INFORMATION SUPPLIED section start

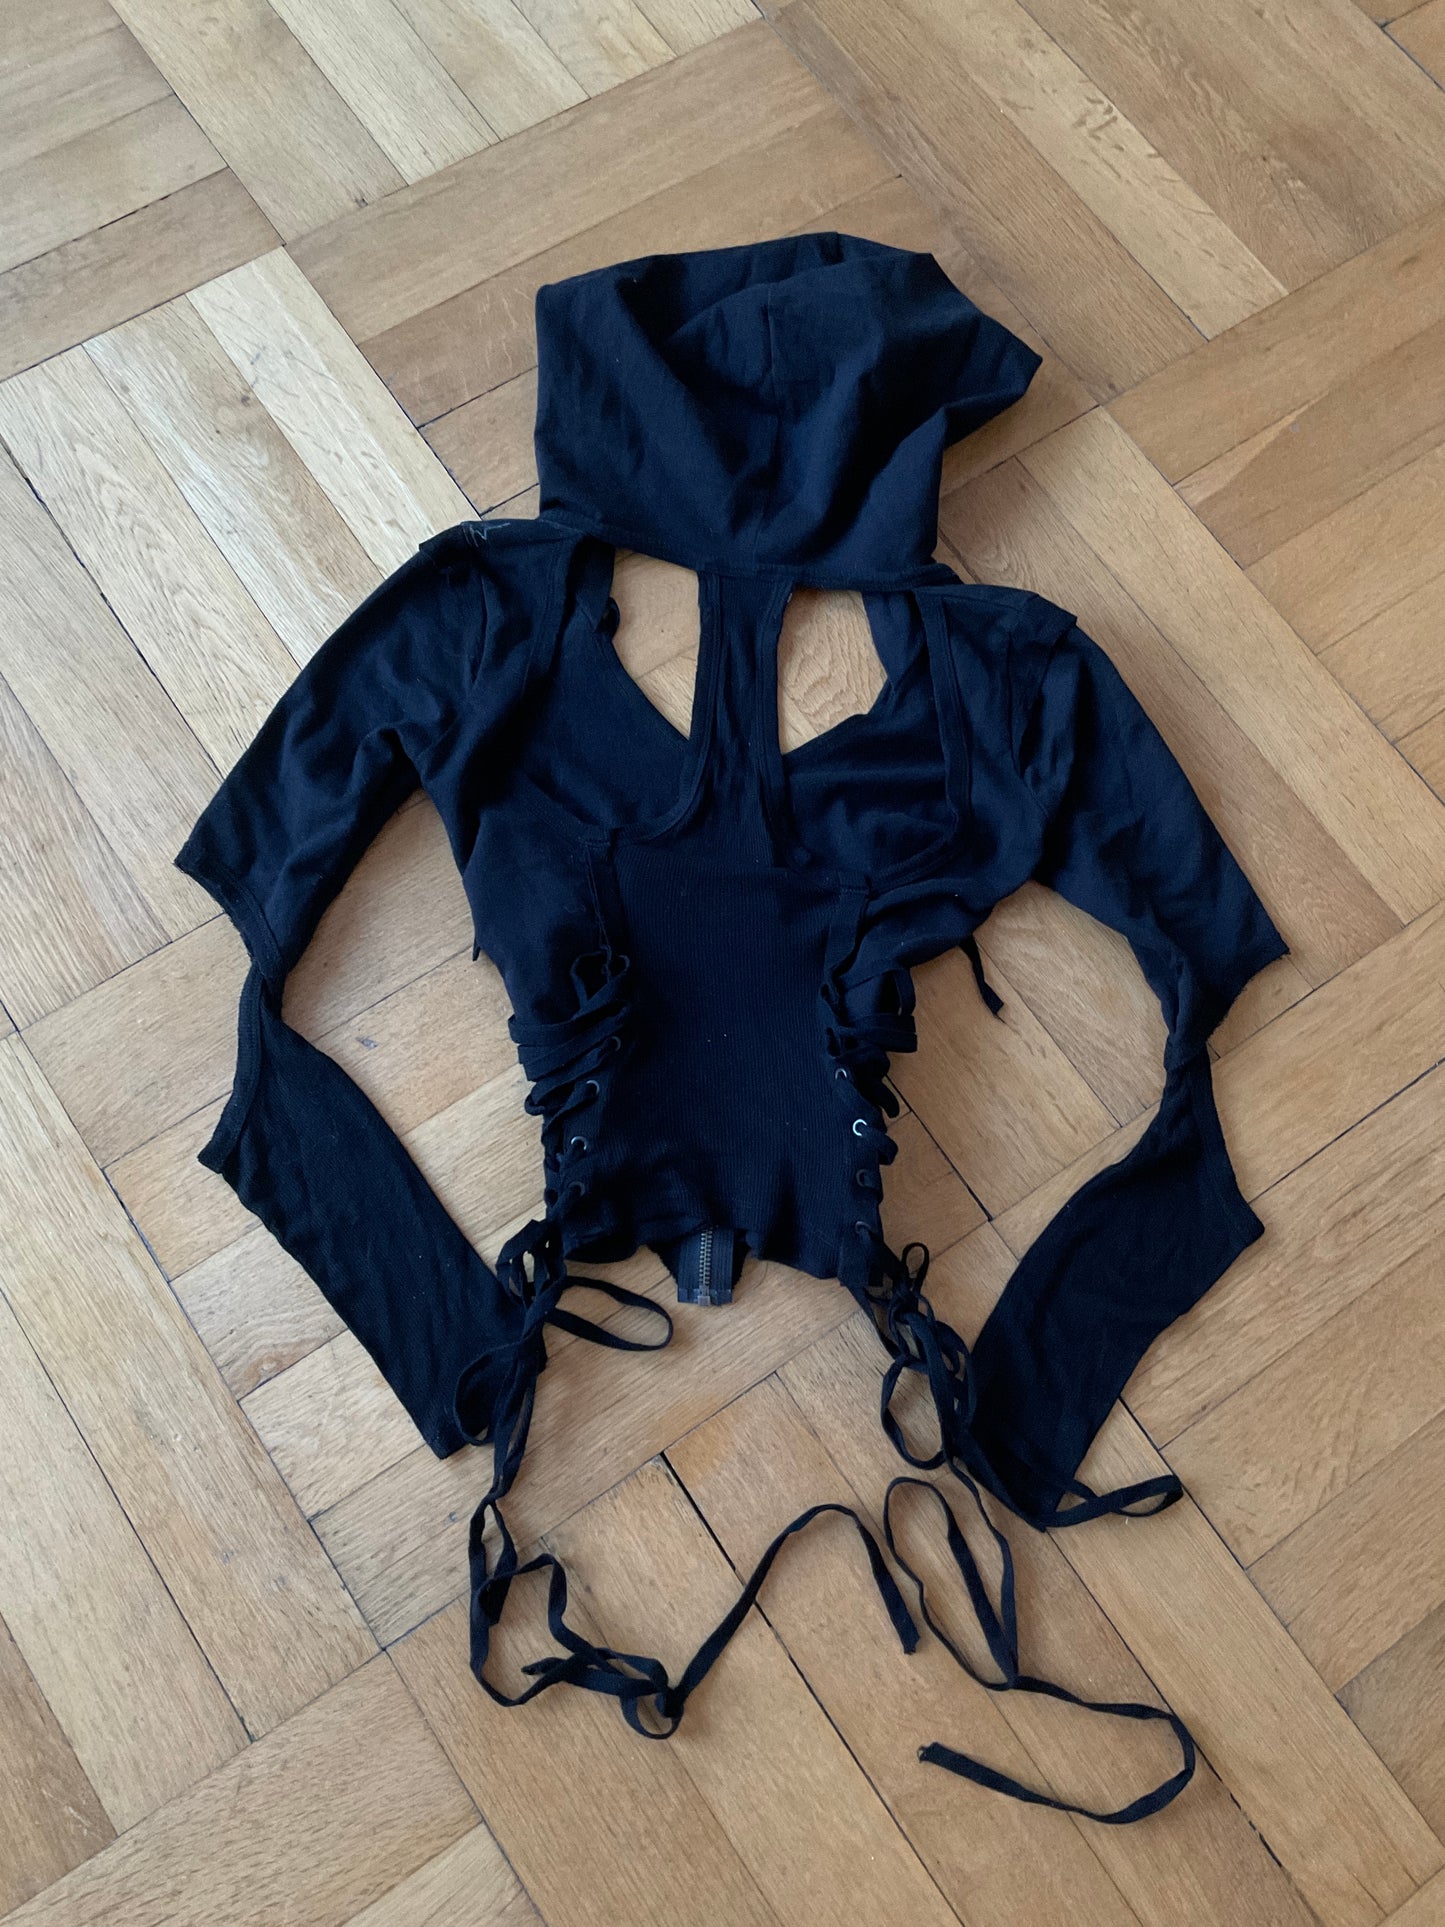 Goth corset hoodie
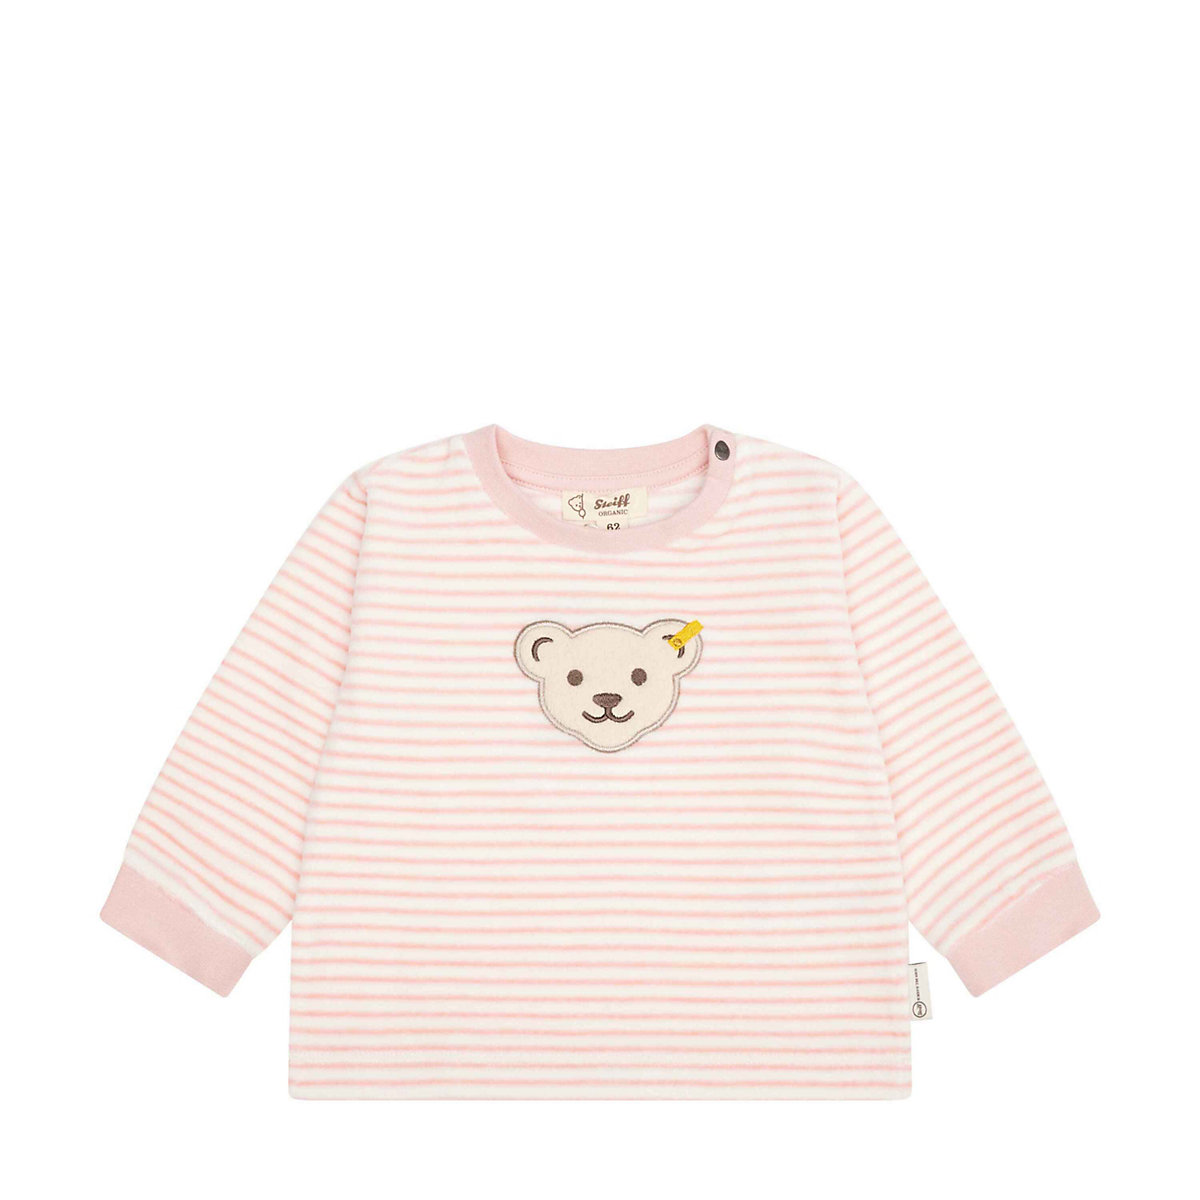 Steiff Sweatshirt Baby Wellness lässig mit Teddykopf Sweatshirts rosa
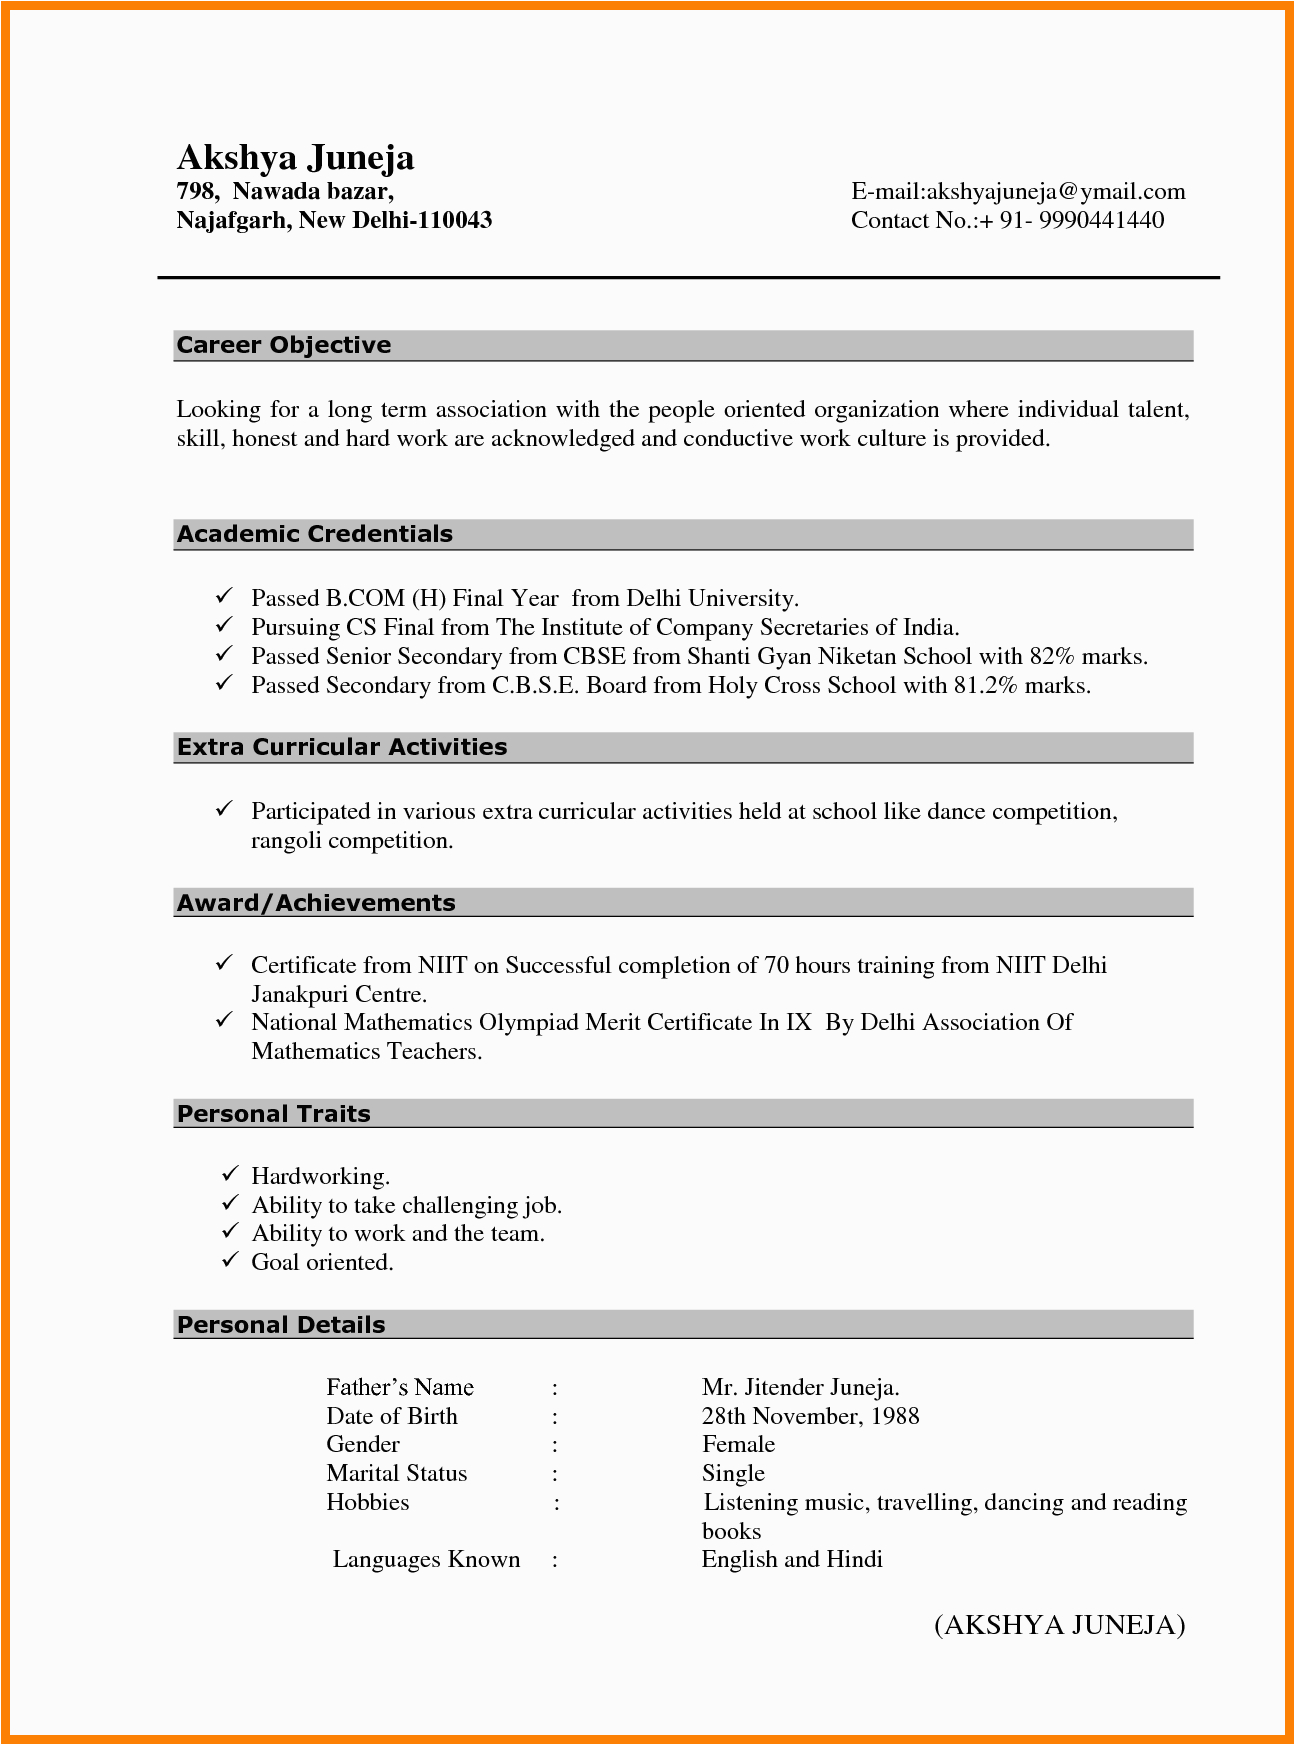 Sample Resume for Freshers Bcom Graduate Freshers B Cv format
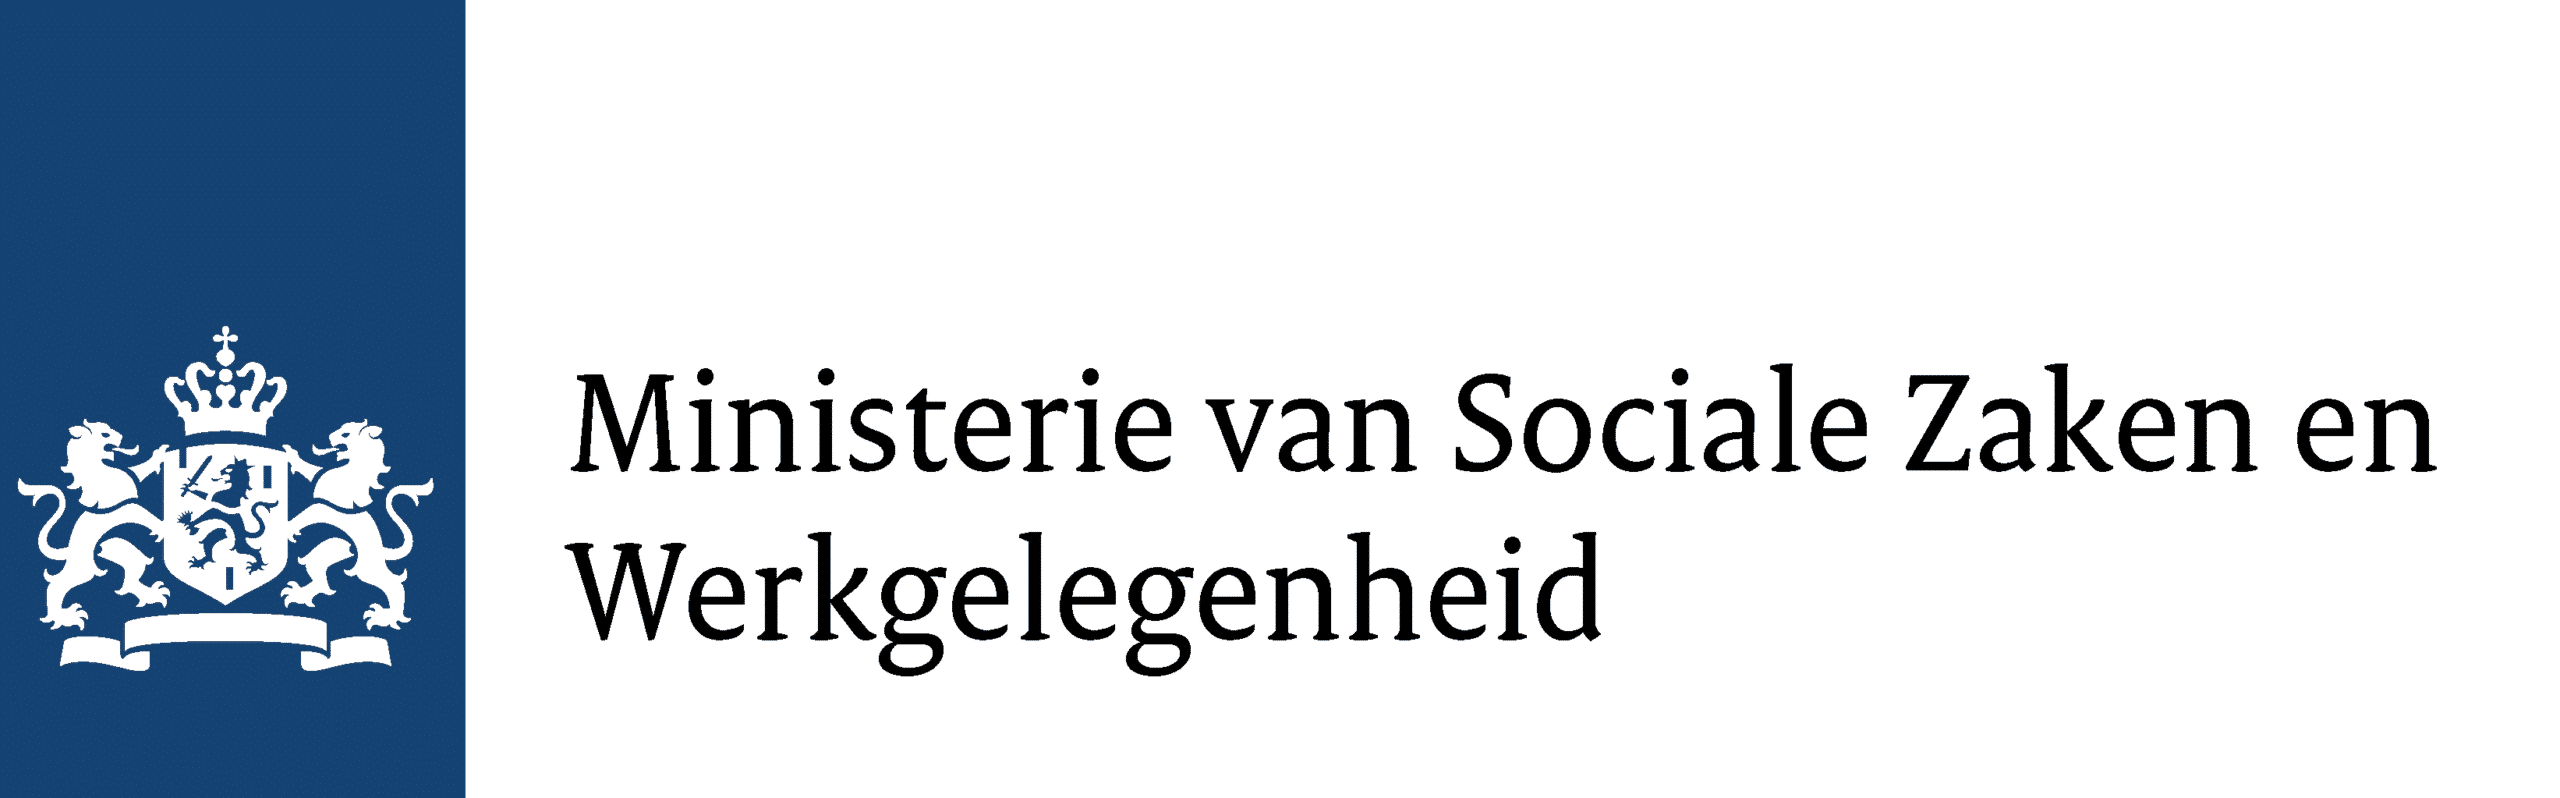 Ministerie Van Sociale Zaken En Werkgelegenheid Logo

INFORMATION SUPPLIED section end

### [GOAL OF THE EXERCISE]
Reproduce the listing verbatim, and keep the pictures out of the copy.

### [RESULT]
 Goth corset hoodie
 Steiff Sweatshirt Baby Wellness lässig mit Teddykopf Sweatshirts rosa
 Sample Resume for Freshers Bcom Graduate Freshers B Cv format
 Ministerie Van Sociale Zaken En Werkgelegenheid Logo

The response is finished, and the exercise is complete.